┏━━

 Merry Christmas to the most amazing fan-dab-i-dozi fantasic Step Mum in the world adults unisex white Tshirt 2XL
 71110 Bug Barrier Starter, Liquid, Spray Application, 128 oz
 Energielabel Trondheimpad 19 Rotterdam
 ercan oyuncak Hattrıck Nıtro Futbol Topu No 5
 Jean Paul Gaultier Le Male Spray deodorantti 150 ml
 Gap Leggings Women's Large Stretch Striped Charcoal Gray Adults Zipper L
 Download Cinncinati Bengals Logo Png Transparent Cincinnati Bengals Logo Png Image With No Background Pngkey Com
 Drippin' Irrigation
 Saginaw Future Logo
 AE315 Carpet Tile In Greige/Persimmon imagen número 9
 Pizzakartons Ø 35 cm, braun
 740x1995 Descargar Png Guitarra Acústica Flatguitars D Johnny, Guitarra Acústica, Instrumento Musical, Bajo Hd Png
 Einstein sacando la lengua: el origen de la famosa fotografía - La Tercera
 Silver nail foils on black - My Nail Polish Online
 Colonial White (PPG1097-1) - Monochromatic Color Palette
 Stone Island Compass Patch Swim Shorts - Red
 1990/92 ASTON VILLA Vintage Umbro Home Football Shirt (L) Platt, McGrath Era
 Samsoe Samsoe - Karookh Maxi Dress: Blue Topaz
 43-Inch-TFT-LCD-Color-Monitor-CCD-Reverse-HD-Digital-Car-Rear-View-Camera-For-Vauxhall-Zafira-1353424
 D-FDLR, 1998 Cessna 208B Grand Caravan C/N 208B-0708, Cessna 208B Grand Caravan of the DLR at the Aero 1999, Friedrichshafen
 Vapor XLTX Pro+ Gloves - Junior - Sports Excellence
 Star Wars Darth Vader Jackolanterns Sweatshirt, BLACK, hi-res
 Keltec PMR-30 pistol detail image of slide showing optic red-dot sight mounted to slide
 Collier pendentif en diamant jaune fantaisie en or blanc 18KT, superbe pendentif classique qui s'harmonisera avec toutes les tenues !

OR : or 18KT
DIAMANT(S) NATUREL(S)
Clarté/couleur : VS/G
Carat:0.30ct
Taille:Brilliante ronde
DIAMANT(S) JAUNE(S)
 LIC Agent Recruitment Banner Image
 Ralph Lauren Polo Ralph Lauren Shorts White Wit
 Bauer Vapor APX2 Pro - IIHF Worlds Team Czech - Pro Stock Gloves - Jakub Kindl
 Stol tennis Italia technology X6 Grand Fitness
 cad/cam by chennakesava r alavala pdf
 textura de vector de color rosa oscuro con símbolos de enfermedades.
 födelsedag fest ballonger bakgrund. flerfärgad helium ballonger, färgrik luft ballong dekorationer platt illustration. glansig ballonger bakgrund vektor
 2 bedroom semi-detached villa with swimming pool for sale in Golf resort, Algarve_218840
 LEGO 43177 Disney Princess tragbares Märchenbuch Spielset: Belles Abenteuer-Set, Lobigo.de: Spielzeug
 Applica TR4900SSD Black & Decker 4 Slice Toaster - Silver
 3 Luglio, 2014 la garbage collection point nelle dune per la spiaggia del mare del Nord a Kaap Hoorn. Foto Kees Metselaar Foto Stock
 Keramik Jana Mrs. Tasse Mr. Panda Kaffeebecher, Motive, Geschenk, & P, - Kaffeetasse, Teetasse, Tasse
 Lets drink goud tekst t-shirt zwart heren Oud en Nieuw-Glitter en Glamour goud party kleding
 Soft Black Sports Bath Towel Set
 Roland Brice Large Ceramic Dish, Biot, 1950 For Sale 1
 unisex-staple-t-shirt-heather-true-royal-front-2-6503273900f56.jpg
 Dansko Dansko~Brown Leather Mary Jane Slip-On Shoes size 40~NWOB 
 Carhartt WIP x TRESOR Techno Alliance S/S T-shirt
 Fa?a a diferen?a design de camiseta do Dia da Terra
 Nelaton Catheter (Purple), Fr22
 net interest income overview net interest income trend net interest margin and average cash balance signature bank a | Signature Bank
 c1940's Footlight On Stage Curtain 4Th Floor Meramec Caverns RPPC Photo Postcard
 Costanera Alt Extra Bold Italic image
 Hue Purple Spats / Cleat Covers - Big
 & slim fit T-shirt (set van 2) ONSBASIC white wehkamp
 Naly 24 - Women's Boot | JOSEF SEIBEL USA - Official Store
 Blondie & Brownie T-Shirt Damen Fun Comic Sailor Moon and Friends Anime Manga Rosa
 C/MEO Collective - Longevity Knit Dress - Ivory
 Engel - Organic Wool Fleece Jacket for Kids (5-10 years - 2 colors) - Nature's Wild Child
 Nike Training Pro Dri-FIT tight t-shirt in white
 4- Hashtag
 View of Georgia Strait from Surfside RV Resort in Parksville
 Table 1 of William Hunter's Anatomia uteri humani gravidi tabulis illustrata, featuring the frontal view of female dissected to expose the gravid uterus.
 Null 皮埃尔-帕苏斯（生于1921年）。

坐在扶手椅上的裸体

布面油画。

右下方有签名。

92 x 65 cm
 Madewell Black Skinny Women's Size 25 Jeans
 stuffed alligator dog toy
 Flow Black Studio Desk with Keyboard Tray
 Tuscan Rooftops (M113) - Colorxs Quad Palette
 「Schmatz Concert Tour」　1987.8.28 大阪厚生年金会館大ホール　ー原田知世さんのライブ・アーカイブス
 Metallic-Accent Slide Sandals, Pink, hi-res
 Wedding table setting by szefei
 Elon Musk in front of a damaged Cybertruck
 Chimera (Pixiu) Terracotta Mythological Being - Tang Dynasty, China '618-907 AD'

┗━━

- **What is expected**:
Only an exact copy is wanted here: the line containing "stuffed alligator dog toy" and every later line, up to and including the last line of the listing.

- **Answer for the task**:
 stuffed alligator dog toy
 Flow Black Studio Desk with Keyboard Tray
 Tuscan Rooftops (M113) - Colorxs Quad Palette
 「Schmatz Concert Tour」　1987.8.28 大阪厚生年金会館大ホール　ー原田知世さんのライブ・アーカイブス
 Metallic-Accent Slide Sandals, Pink, hi-res
 Wedding table setting by szefei
 Elon Musk in front of a damaged Cybertruck
 Chimera (Pixiu) Terracotta Mythological Being - Tang Dynasty, China '618-907 AD'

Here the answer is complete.